People still shout “I am the one who knocks”, people still drive by one of the houses featured in the show to throw pizzas at it (despite series creator Vince Gilligan asking them nicely not to, and despite the current owners erecting a goddamn iron fence), and people still walk around wearing ‘Heisenberg’ and ‘I Am The Danger’ t-shirts, eyes flashing in excitement, hoping to meet another Breaking Baddie out in the wild.

Well, it turns out that Gilligan can’t let go of the show either. He’s spent the last few years overseeing spin-off show Better Call Saul (which, heretical opinion forthcoming, is almost definitely better than Breaking Bad), and he’s currently deep in production on a Breaking Bad spin-off movie.

Well, uh, about that, actually. As Deadline reports, it’s not clear that the still-untitled flick (it might be called Greenbriar, although that’s more likely to be a fake working title) is even going to be a movie; Gilligan apparently hasn’t dismissed the idea of cutting it up into a TV series.

Deadline has another bombshell to drop too: apparently, there’s a strong chance that ‘Greenbriar‘ might debut on Netflix.

Breaking Bad has a long history with the streaming platform — Gilligan has claimed that without Netflix’s help in boosting viewing numbers, the show might have been cancelled way back at the end of season two.

That’d be great for us Aussies. After all, whatever you might want to say about Netflix, it’s a blessing that all of its originals drop at the same time internationally, meaning we don’t have to wait for our thoroughly broken cinematic distribution system to eventually dump a hyped-flick on our screens.

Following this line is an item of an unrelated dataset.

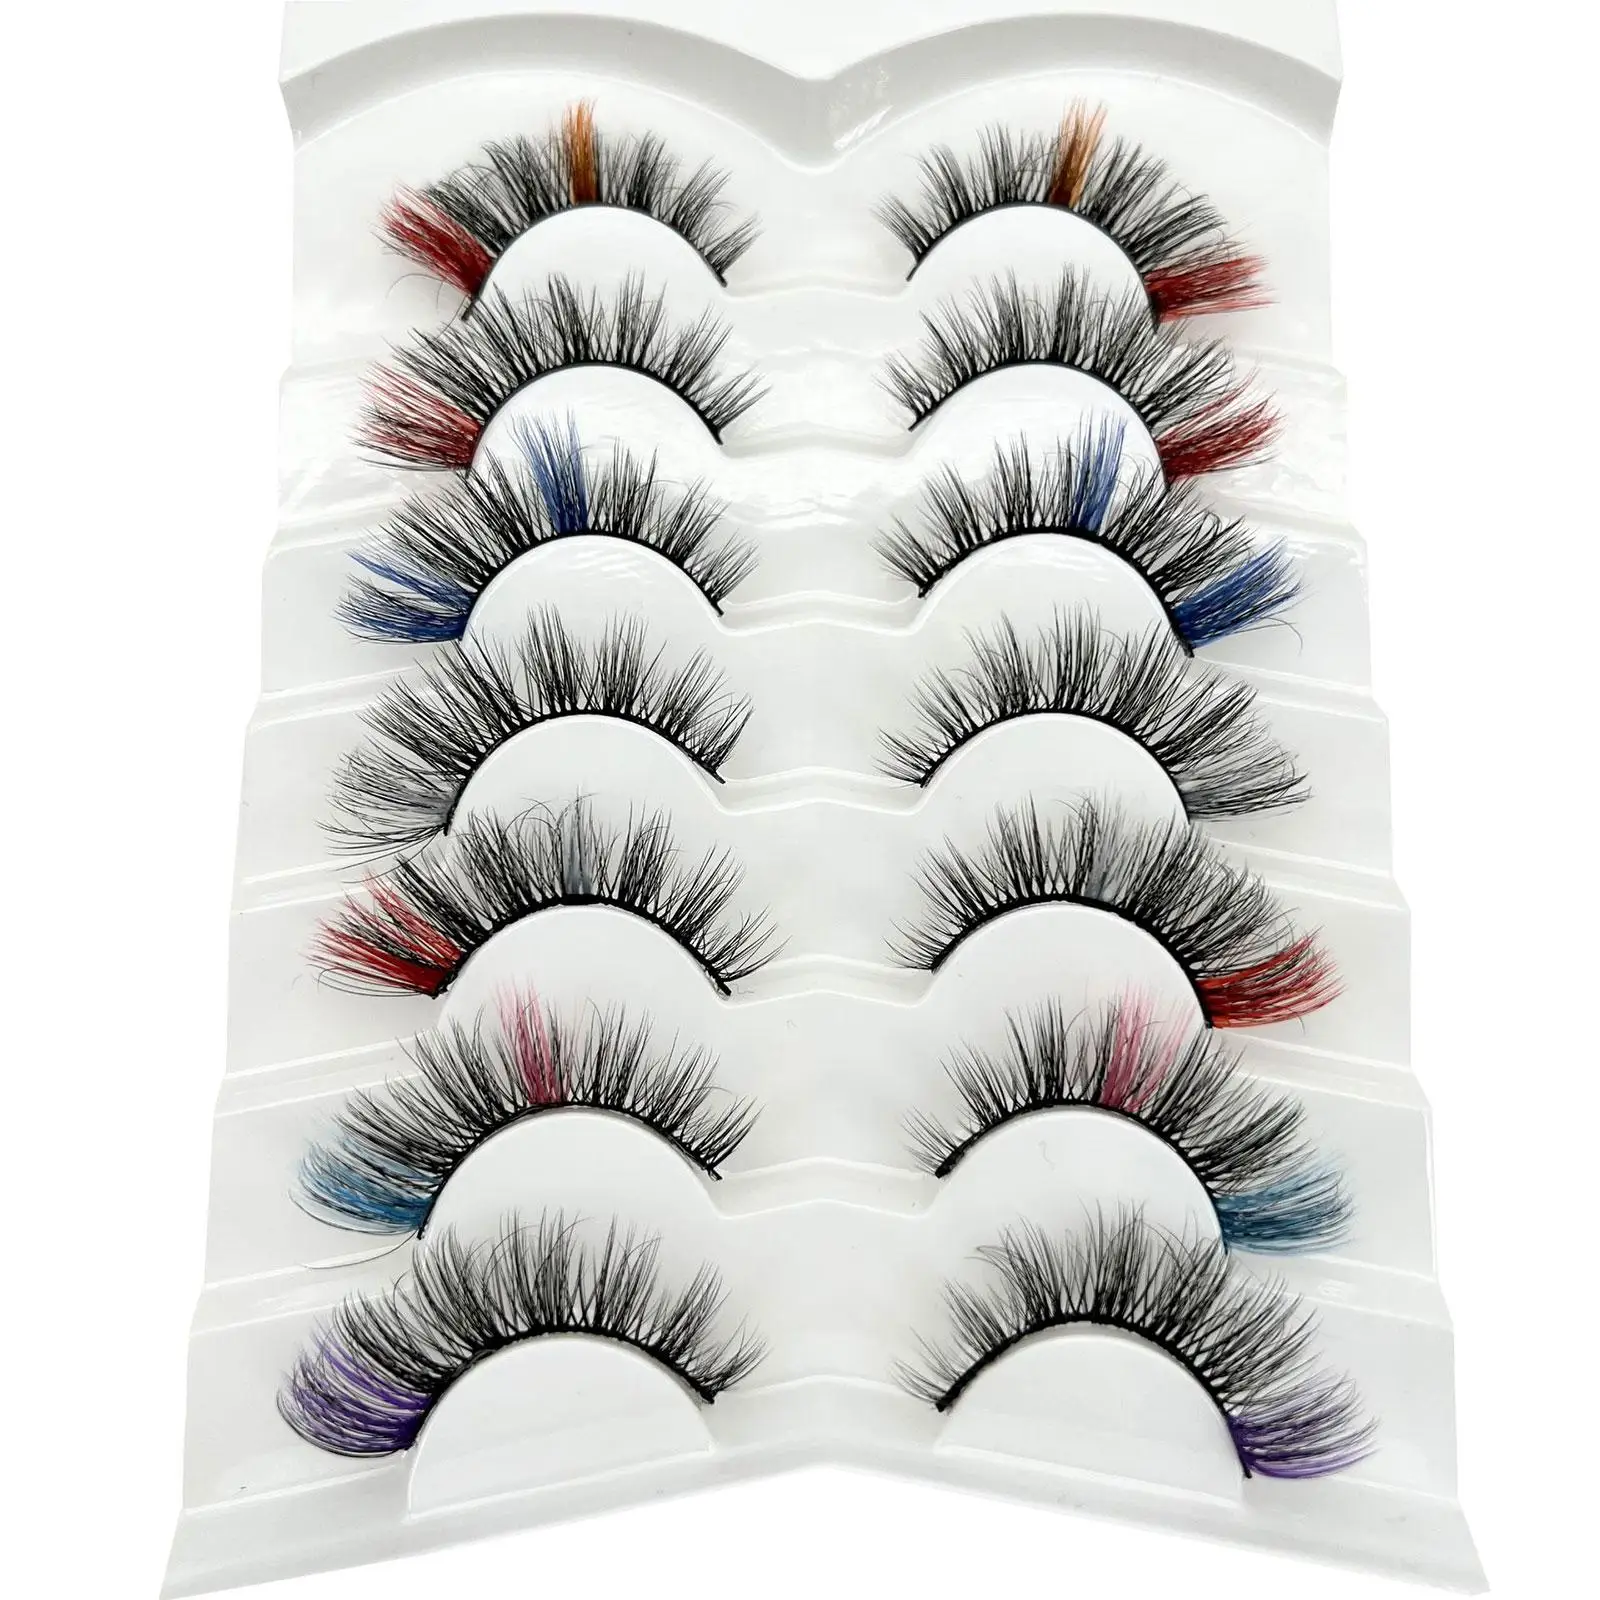 14Pcs Colored Eyelashes Makeup Eyelash Extension Soft for Costumes Parties

Other details on ‘Greenbriar‘ are scant. But given back in November, Bryan Cranston announced that he hadn’t seen the film’s script, it’s safe to say that it’ll be a sequel to the main series — that would explain why Cranston hasn’t been let in on the ground floor, his character being (spoilers for Breaking Bad, a show you definitely should have watched by now) y’know, dead.

It’s worth noting that this isn’t the first time a Breaking Bad movie has been a glimmering prospect on our horizons. While the series was still on air, Steven Soderbergh, he of Erin Brockovich and Sex, Lies, And Videotape fame, reckoned that the finale should be one long movie.

There are reports that he offered his directorial services to Gilligan, suggesting he could make it himself, which, given the experiments he’s been doing with iPhones and weird distribution models recently would have been… interesting!